Although most of the time is spent in the put and get functions, a first step in improving the performance in this program is to make the sum variable atomic.

Copy the a.cc file to b.cc. In general, make optimizations in new files and call them c.cc, d.cc, e.cc, etc. This will make performance comparison easier.
- Either edit the t file to specify a new default file,
- use ./tt b to benchmark the file b.cc, or
- use ./ttt a b c d to benchmark four files.
You can declare sum as follows:static std::atomic sum;
Did you notice any difference when using an atomic variable?
Copy b.cc to c.cc, and implement a spinlock with an atomic flag. A spinlock is a "busy wait" lock which is suitable in multicores when the expected waiting time is low.
To implement a spinlock class, you probably find the following useful:
- std::atomic_flag flag;
- flag.test_and_set(std::memory_order_acquire)
- flag.clear(std::memory_order_release)
- Use your spinlock instead of the mutex and condition variable.
Copy c.cc to d.cc.
- The purpose of this step is to find out which instructions are used with the sum += f. Introduce a volatile global int variable called for example VAR. Before the += write VAR ^= 1234 and after write VAR ^= 5678. Recompile. Type objdump -d a.out > x. Look in that file for instructions with xor 1234 and xor 5678. The increment is between them.

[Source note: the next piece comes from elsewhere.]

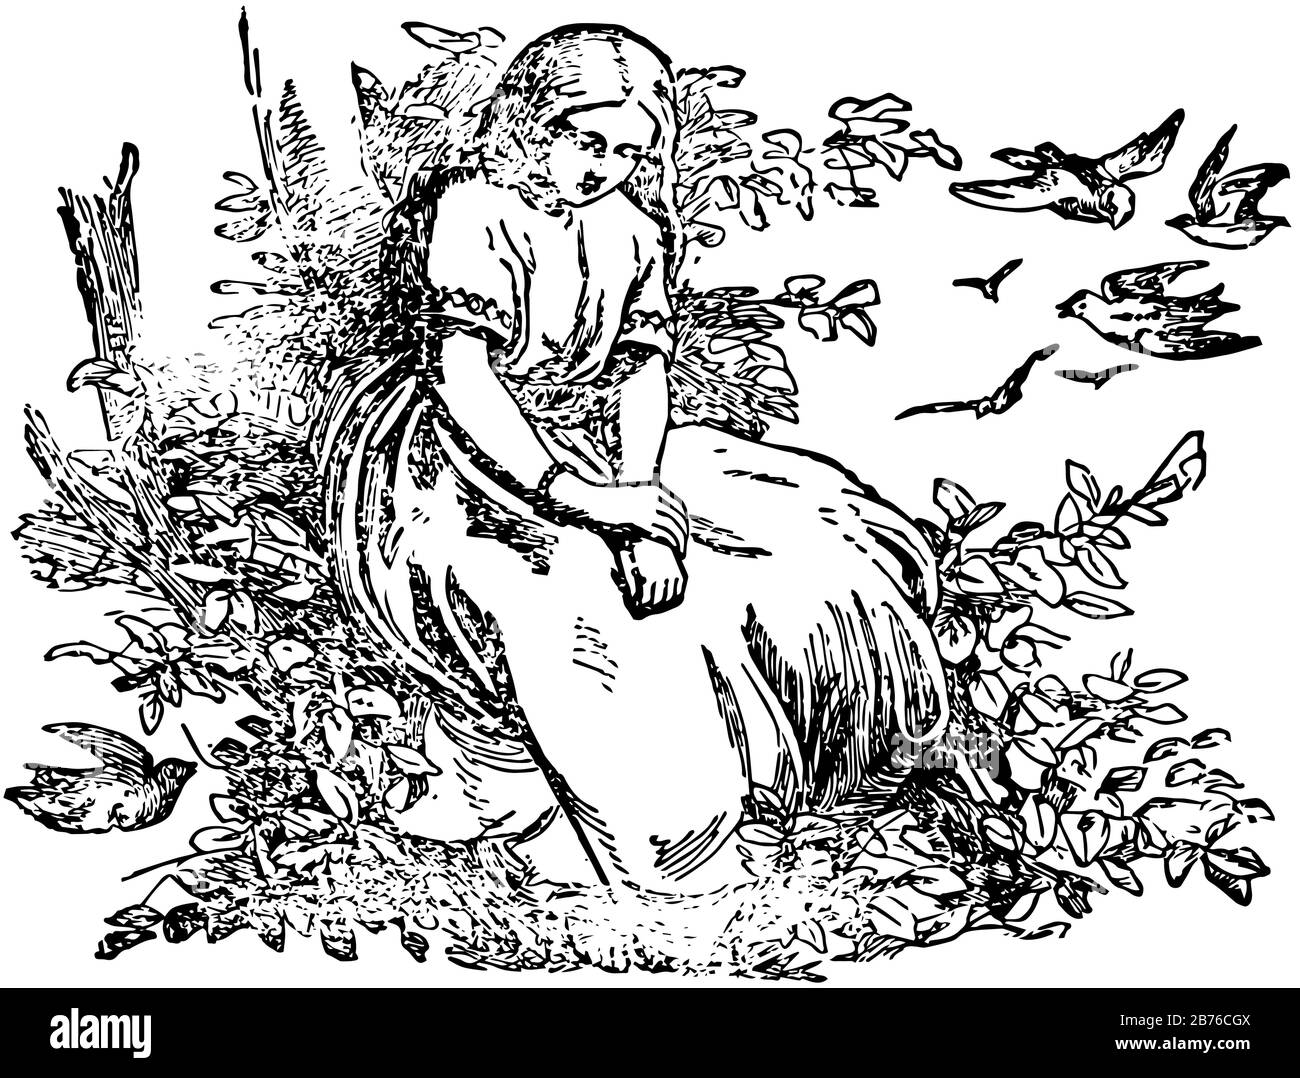 La Figlia del re di Marsh, una ragazza è seduta vicino all'albero e gli uccelli volanti in background, disegno di linea vintage o illustrazione dell'incisione Illustrazione Vettoriale
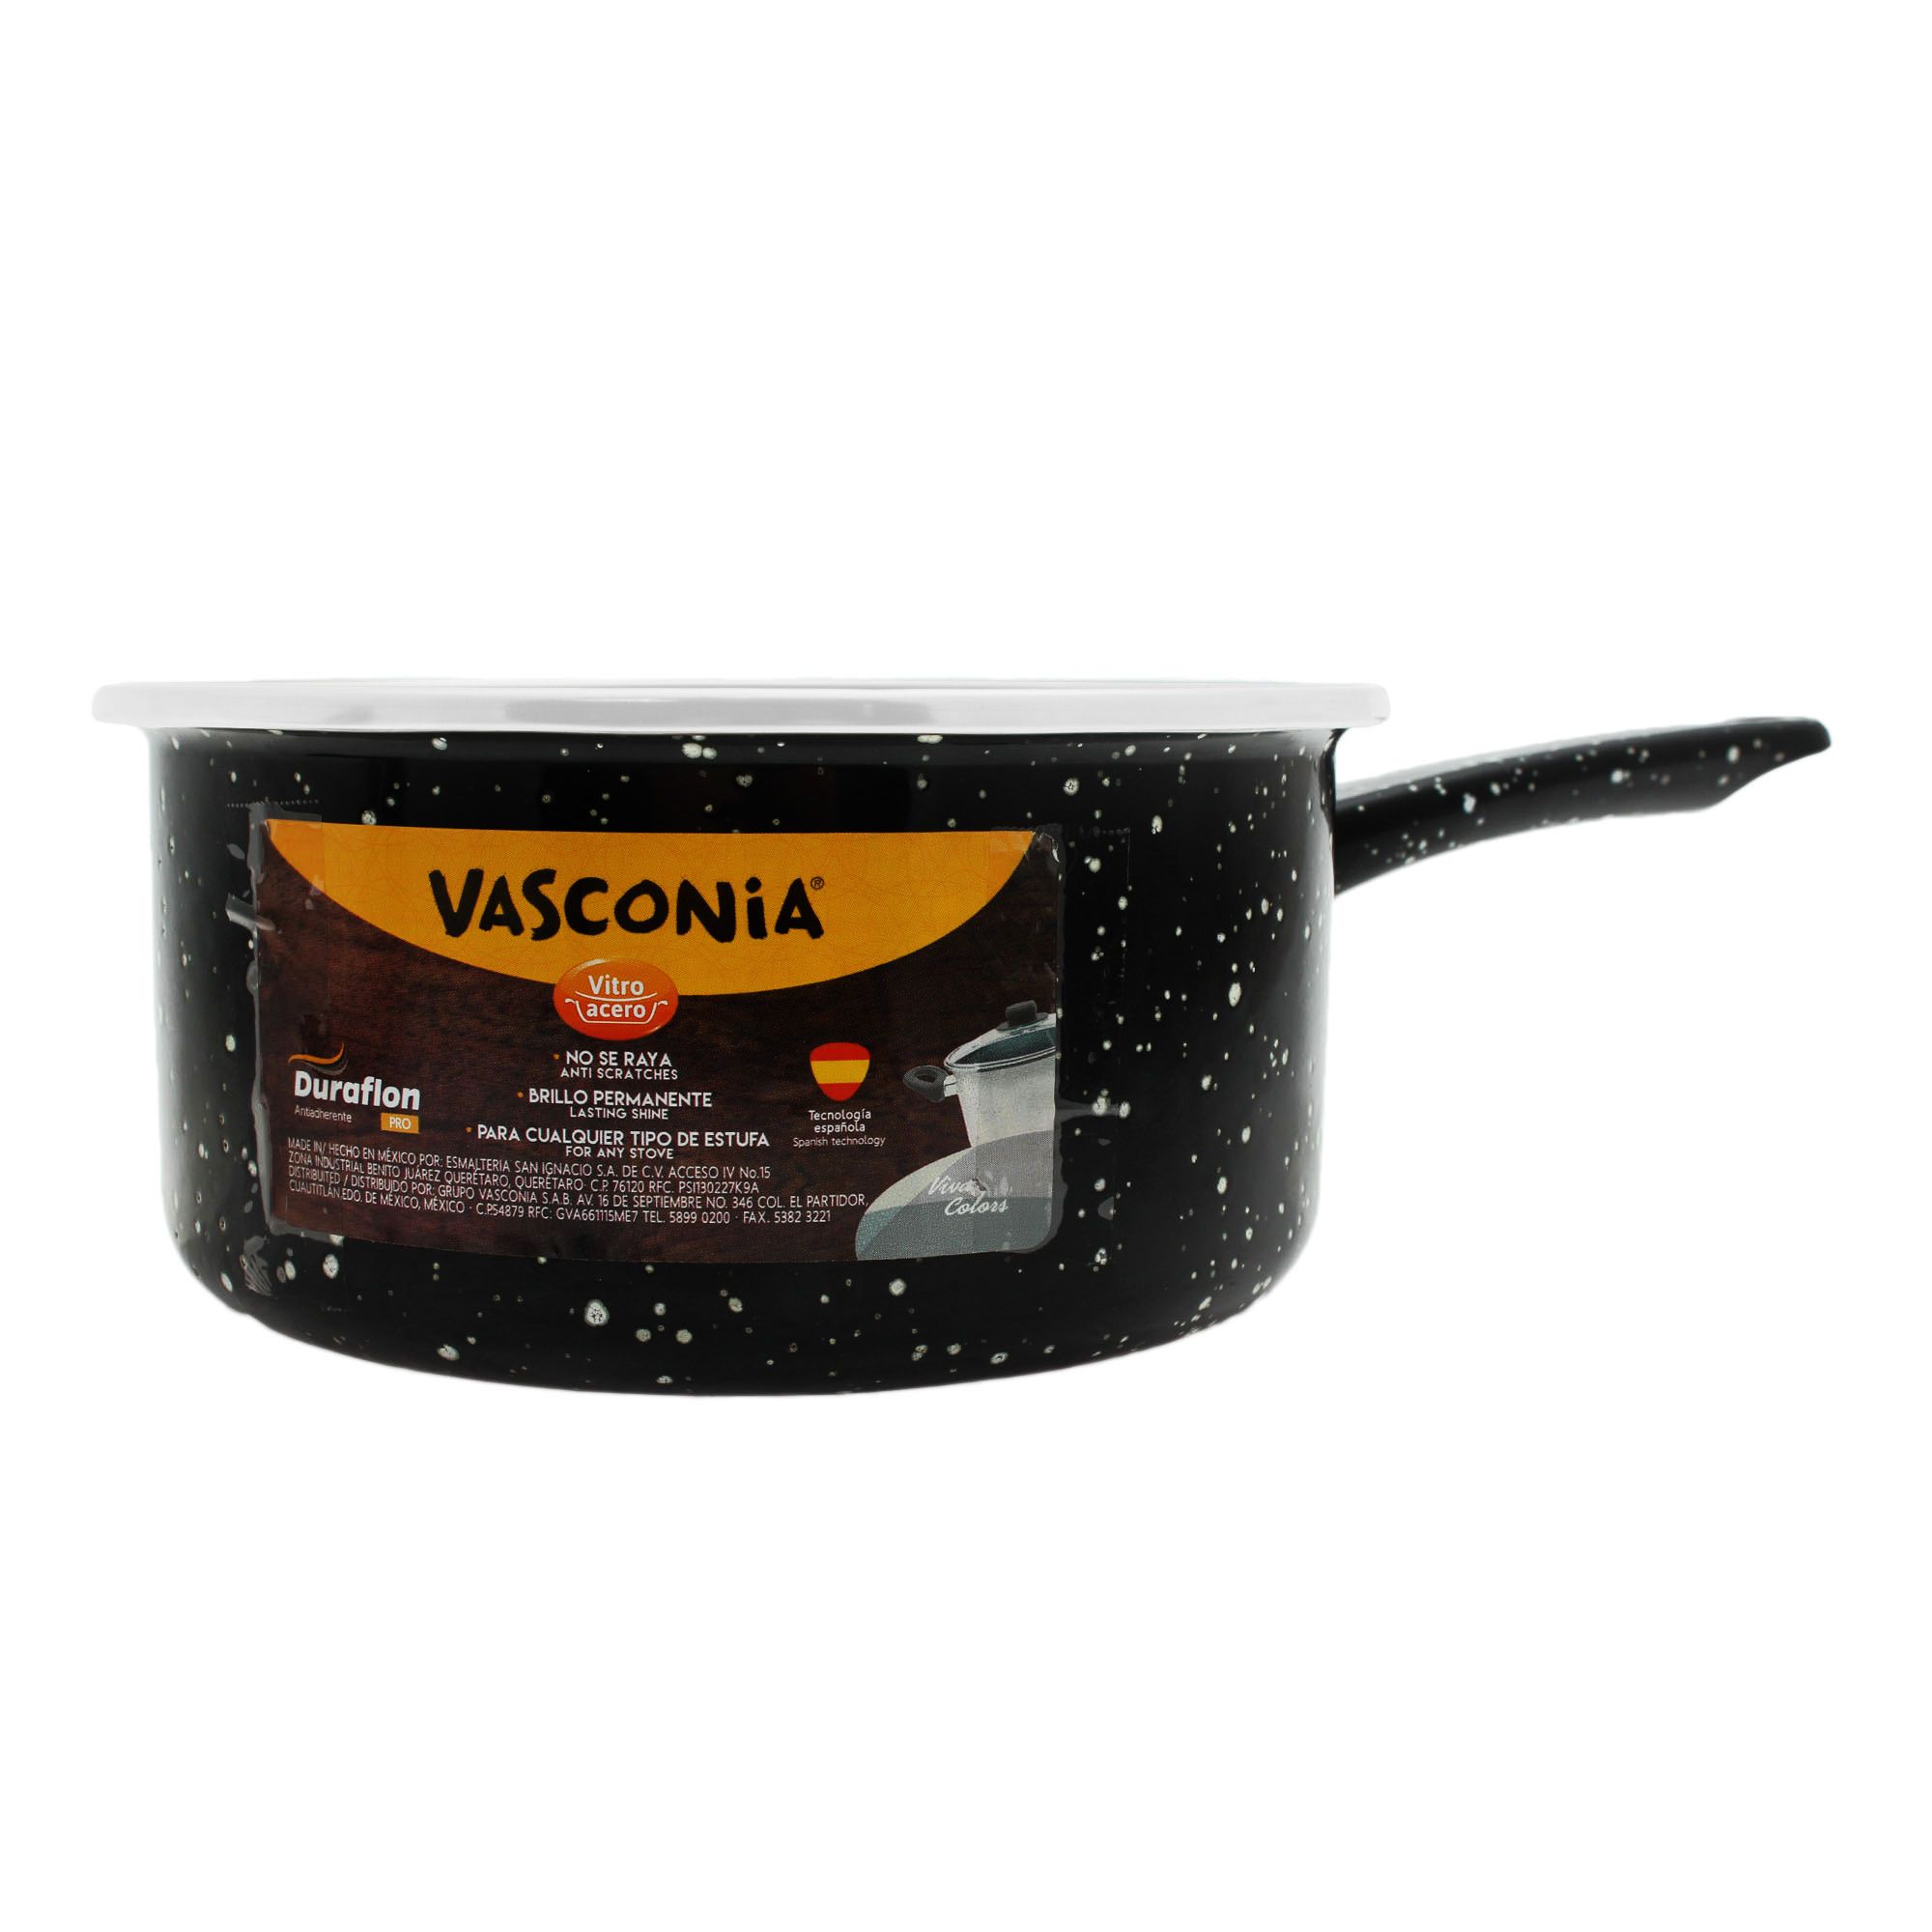 Molde de Acero inoxidable de la marca Vasconia

Copy c.cc to d.cc again and use instead sum.fetch_add(f, std::memory_order_relaxed).
Copy d.cc to e.cc and try to use other atomic operations to get the execution time below one second. A hint is to use flag.compare_exchange_weak with explicit memory ordering in the spinlock. To do that, you cannot use the type std::atomic_flag. Use instead for instance std::atomic flag.

Wed Oct 7 10:35:02 CEST 2015